Well today is my 12 week surgeversary, and I am at the half way point to goal. (Including the 10 pounds I lost before surgery) I have gone from a 22 pant to a 15. My butt has a double chin, but Ill take it. Less junk in the trunk for sure. Like the husband says,"wouldn't you know it that the boobs and butt go first!"
I have had a mens shirt sitting on my dresser for YEARS. Its this very cool white Mexican lace shirt, that I could never get into... I figured, some day I will meet a cool small guy, who will really love this shirt.... will rock this shirt, and I will give it to him. Well too late, it fits ME now. I will rock it until it is too large for me then give it away.
My labs are good, I am waiting for my cardiologist meeting to see if I can get off the statins.
I have started taking Tango lessons, and the first guy I danced with told me i was a beautiful woman.
This is just the beginning... its only been 3 months! Im loving my sleeve......not original, but true.
Here is what I did on my last surgeons visit day 6 days before surgery.

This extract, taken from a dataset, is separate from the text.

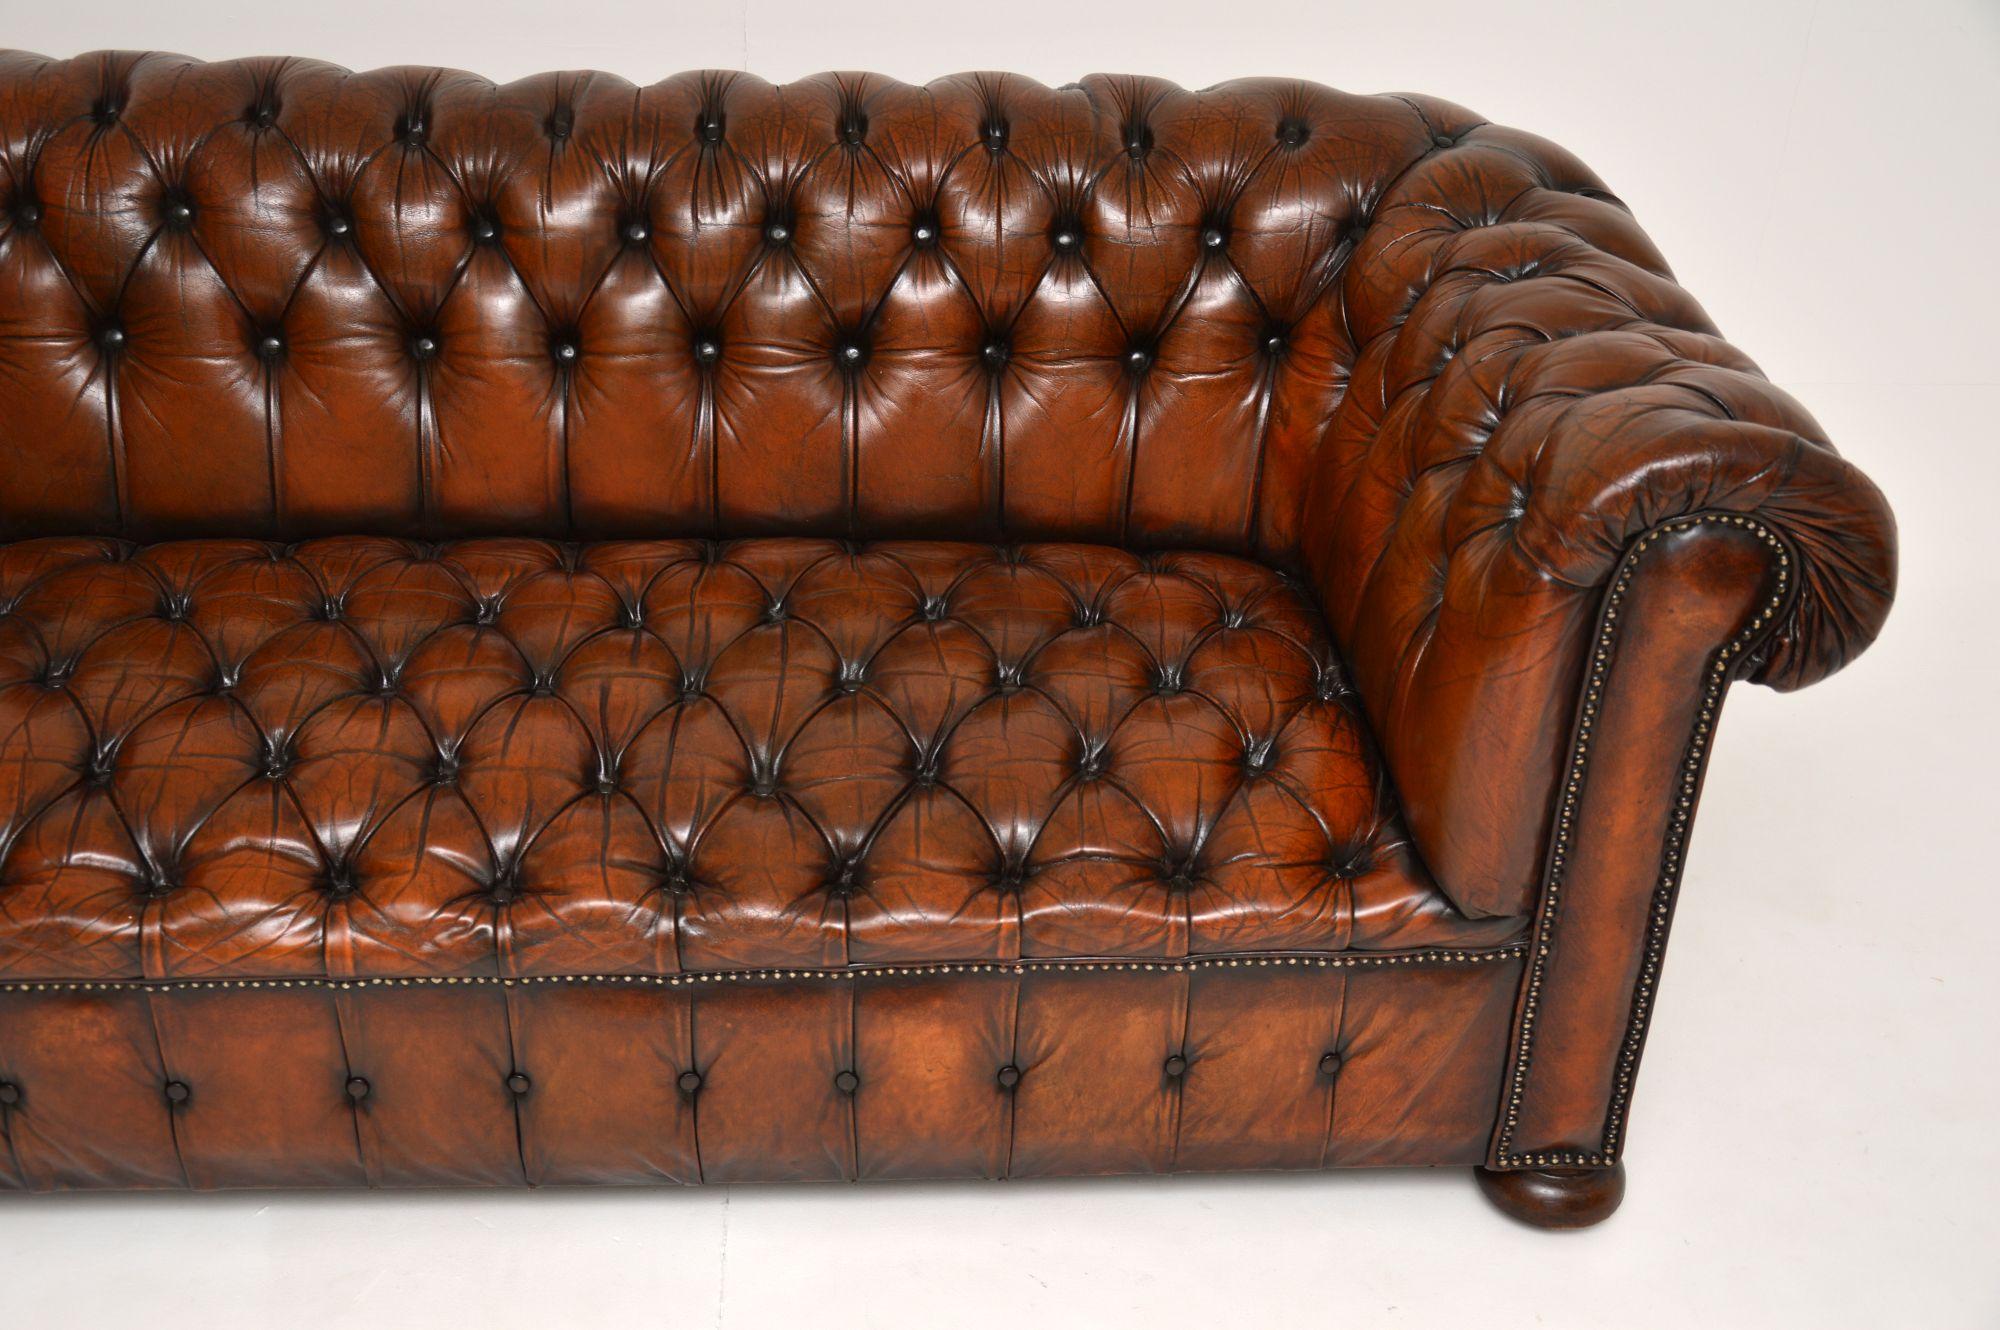 20th Century Antique Deep Buttoned Leather Chesterfield Sofa

--I met with the before surgery nurse,
She checked my meds, went over the steps I would have to take to get to the surgery. Talked about the self injected blood thinner I would have to take for a while and gave me some booklets on how to inject myself and the lists and maps of where I would have to go during the day and the day of surgery.
--a "fellow" (Dr intern),
went over the consent form contract for the surgery and had me sign it. Got my copy. Asked him if the center ever did sleeves... he said yes, that he had assisted on 5 himself and there were many other interns that were assisting at other times. He said that the bypass takes a ton of skill, and not just anyone can do it, they do a bunch of bypasses and have for years, he said the sleeve just needs someone who knows how to do it. I asked if I could have a copy of my surgery recording... and he said no, it was a liability for them. I asked him what Bougie size the Dr used and he said of all the questions anyone has ever asked, no one has ever asked that one. He said they use a 36 and staple it loose. He said they hand stitch the staple line or sometimes us a robot to stitch. There is no advantage they have found to one or the other. The surgery is 3 1/2 -4 hours long. I said that seemed long, and he said Teaching Universities are in no hurry. There is plenty of time taken for surgery, no need to rush. The hand stitching takes a long time. I asked him why I heard so little about the sleeve before my first meeting with a Dr. He said that California is way behind the east coast as far as sleeves go, not because the Drs skill or desire, but the insurance here is so screwed up that it has been excluded until recently by most insurance companies. He said he worked doing sleeves for three years on the east coast before coming here to California.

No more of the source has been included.